There’s an important distinction we need to make when evaluating any rapidly evolving technology: the difference between now problems and fundamental problems. Problems that will just never go away.
A now problem is a limitation that exists today but is likely to improve—often dramatically—with time. A forever problem is foundational to the thing itself. It won’t go away no matter how much progress we make.
Code quality from large language models? That’s a now problem. The models from six months ago are not the models of today. The models of today won’t be the models of six months hence. Anyone who’s been working with these tools for a year or more has an instinctive feel for this. They’ve watched Claude or GPT go from producing code that needed heavy editing to code that more often than not runs correctly on first try. They’ve seen context windows expand from thousands of tokens to hundreds of thousands. They’ve experienced the shift from “interesting toy” to “genuine productivity multiplier.”
Andrei Karpathy has recently observed that he produces perhaps 20% of his code now, 80% is produced by LLMs.
But if you tried these tools once, hit a wall, and walked away? You’re evaluating something at a particular moment in time, but generalising to how it will always be.
But weeks or perhaps a couple of months later the limitation you ran into no longer exists.

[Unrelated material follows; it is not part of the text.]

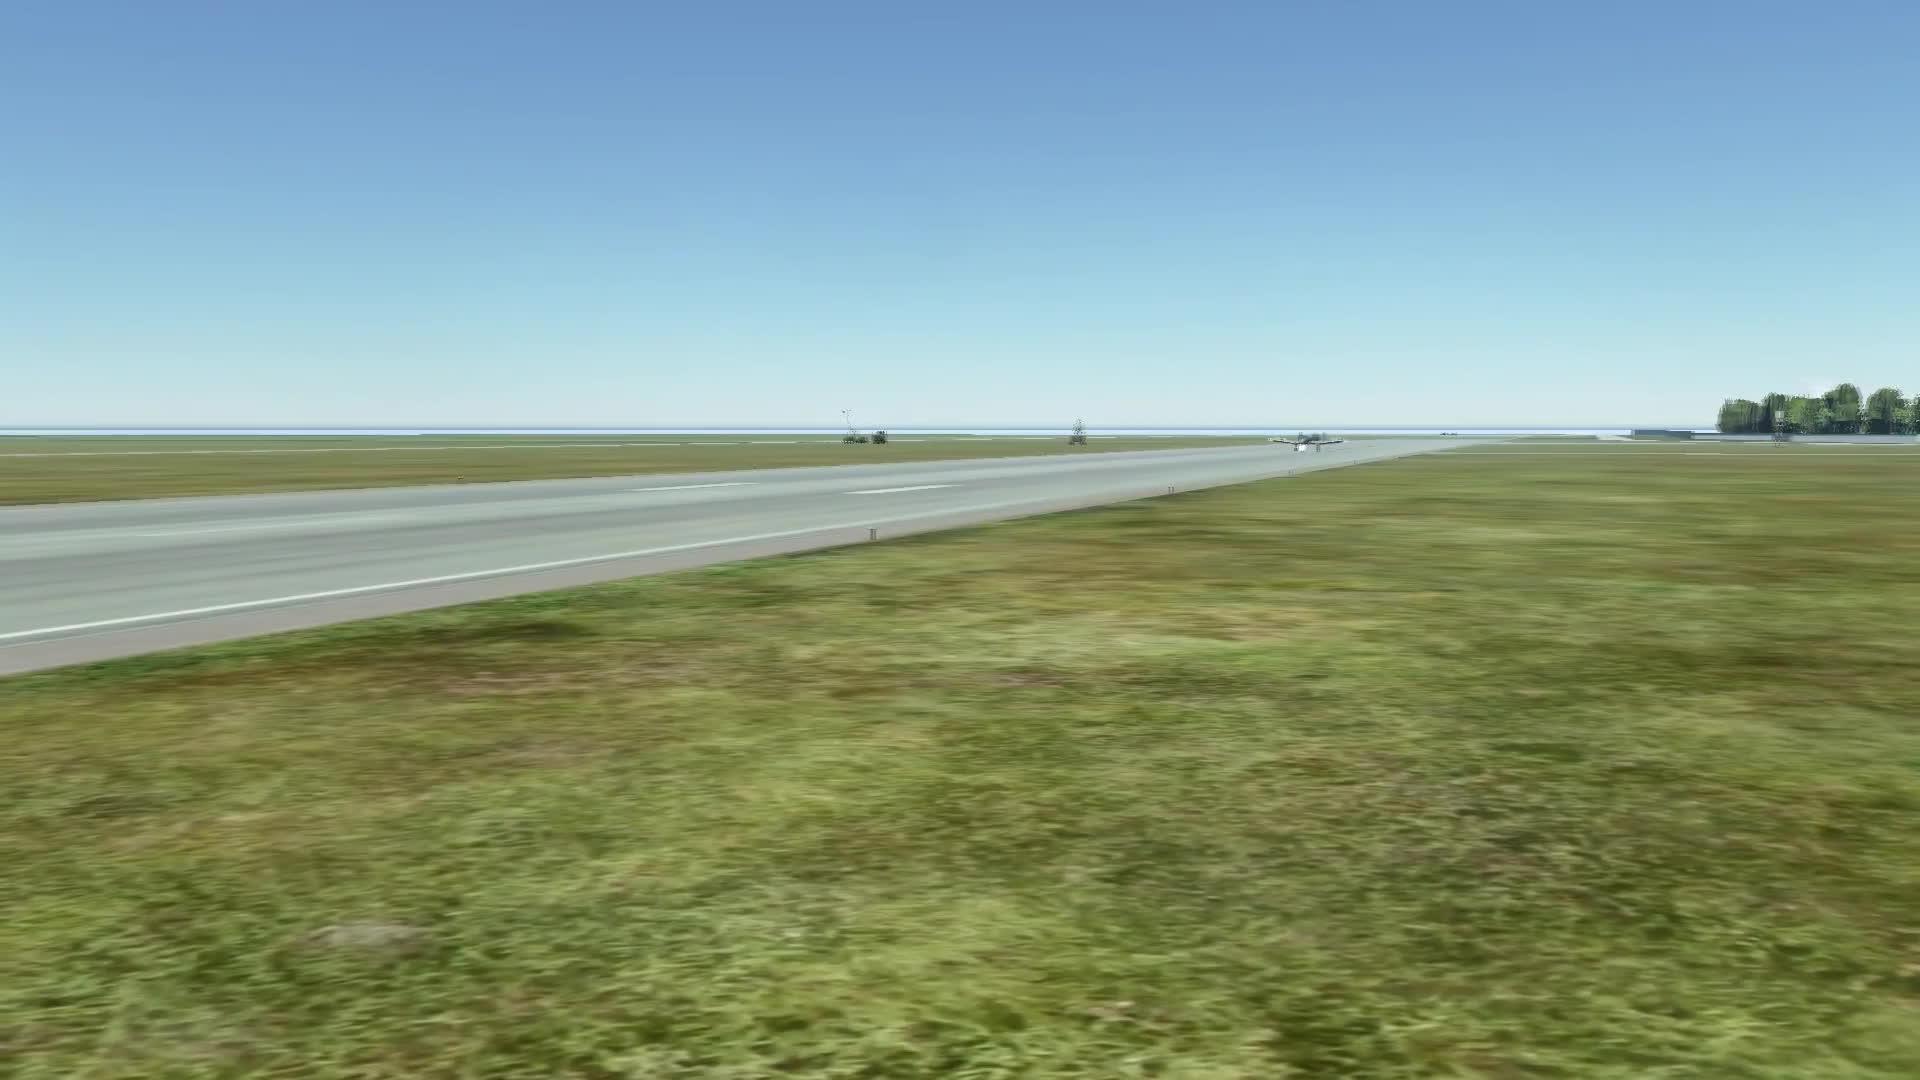 hoggit, DCS A-10C: When brakes aren't enough GIFs

This doesn’t mean every criticism is invalid. Some problems are fundamental—or at least far more persistent than the quality-of-output concerns. The imprecision of human language when specifying what we want? That’s arguably closer to fundamental. The challenge of maintaining large codebases when the AI doesn’t have full context? Harder to solve (though context windows continue to increase, and techniques mean that the limit that seemed pretty fundamental a year or so ago of context windows having quadratic scaling costs no longer seems to be the case). The question of trust and verification when you can’t review every line (because there are too many lines for humans to review themselves in a reasonable time frame)? That’s a genuine tension that won’t simply disappear with better models.

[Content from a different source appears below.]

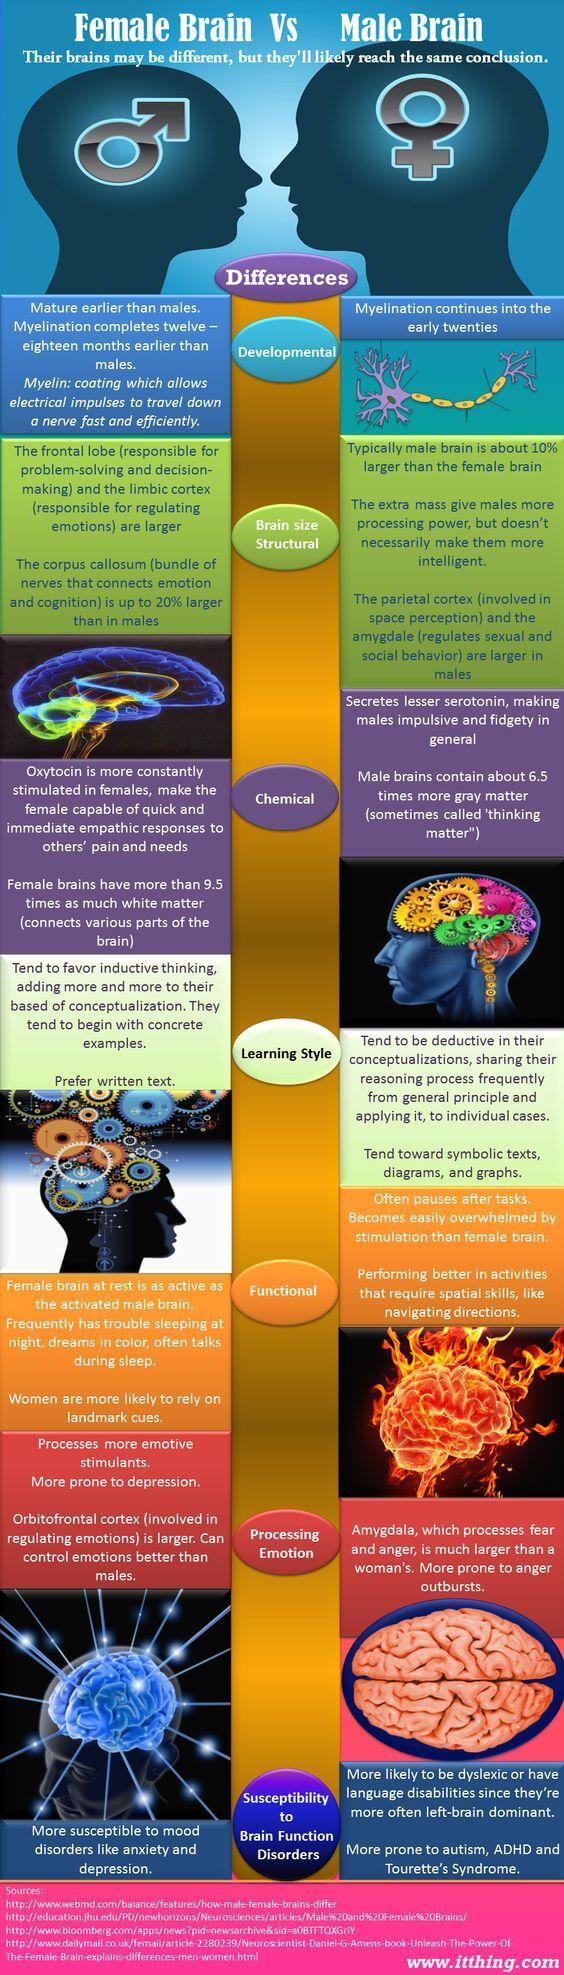 Male brain versus female brain infographic

But conflating now problems with forever problems leads to bad decisions. It leads people to dismiss technologies that could genuinely help them. It leads to the peculiar situation where the people most skeptical of AI coding tools are often those with the least recent experience using them. It’s a negative self-reinforcing feedback loop.
The conversation I keep having goes like this: someone expresses deep reservations about AI-generated code, I ask about their experience, they describe something from months ago, and when I show them what the current models can do, they’re genuinely surprised.
The technology moved. Their mental model didn’t.
I’m not suggesting we should be uncritical enthusiasts. Skepticism is healthy. But skepticism based on outdated experience isn’t skepticism—it’s nostalgia for a problem that may have already been solved.
If you tried AI code generation and found it wanting, maybe it’s time to try again.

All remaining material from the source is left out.